Плохой профессор, он, оставляя кафедру, вынес из своей школьной деятельности учительский тон, тяжелый педантизм, напыщенную надменность и с ними пустился проповедовать конституционный либерализм. После смерти. Николая это было новостью в русской печати — его стали читать. Как только он заметил это, он, с своей стороны, перестал писать, а начал отечески внушать или начальнически распекать. Можно было догадаться, что, если и затем какой-нибудь дерзновенный не послушается, учитель пойдет по начальству, т. е. донесет. Так, как он это и сделал после петербургских пожаров.

Пожар этот был счастливейший день в жизни Каткова. Отсюда начинается государственная карьера его. Правительству, обществу надобно было кого-нибудь обвинить в пожарах — Катков обвинил литературных врагов своих. Такой отважный человек для правительства был клад.

Либеральный публицист, выдвинутый из третьих, четвертых рядов на авансцену, начал с того, что бросил за борт либерализм, конституционализм, поклонение Европе и пр. и внезапно

270

почувствовал себя неистовым патриотом, неистовым самодержистом, террористом и пошел проповедовать Муравьева, русификацию, конфискацию…

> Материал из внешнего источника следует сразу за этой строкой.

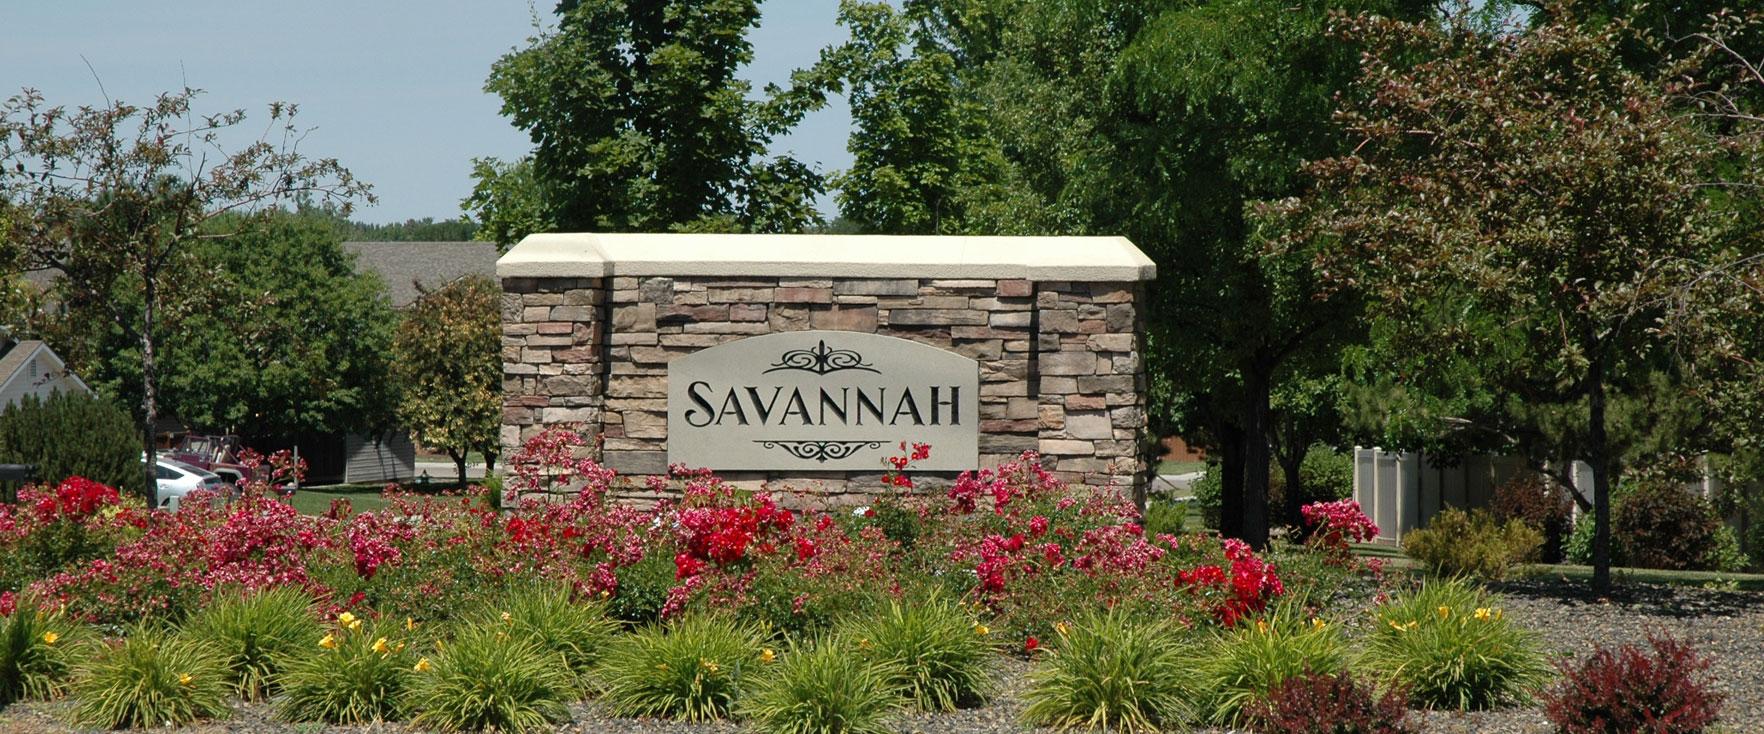 Savannah Boise, ID   Charleston Place Boise, ID   HOA

Правительство тогда еще не умело твердо ходить в крови, поддержка в общественном мнении была ему нужна, оно приласкало его. В средние века верили, что прикосновение короля лечит от золотухи, у нас до чего бы правительство ни коснулось — вконец портится. Катков, прежде того знавший, что он великий человек, почувствовал себя теперь чиновно великим человеком, Сперанским-Гизо, которого личность исчезла в великих государственных интересах до такой степени, что каждое слово против него казалось ему государственной изменой, преступлением против первых двух пунктов.

К тому же пришла грубая лесть экс-крепостников. Чему они обрадовались — я не знаю. Кого-то наказывают… а Катков кричит: «Покрепче, не жалей его», этого для утративших право на розги было достаточно, чтоб есть за его здоровье кулебяки103[103]. Катков, демагог против польского дворянства, почувствовал себя столбовым вельможей и явился защитником русских помещиков против черни.

Все это вместе окончательно свело его с ума. Он начал таять в себе, лакомиться собой, сделался аутогастрономом, говорил «мы», когда шла речь о всей империи и корчил из себя Годунова, отказывающегося от престола. Скромно опуская бесцветные глаза, лепетал он с каким-то жгучим самосладострастием: «Полноте, отстаньте, не мне, не мне… я только получше выразил мысль России, вашу мысль — что же бы я сделал без Михаила Николаевича и без Александра Николаевича, благодарите их, а не меня, я принес одну любовь… одну любовь к истреблению Польши».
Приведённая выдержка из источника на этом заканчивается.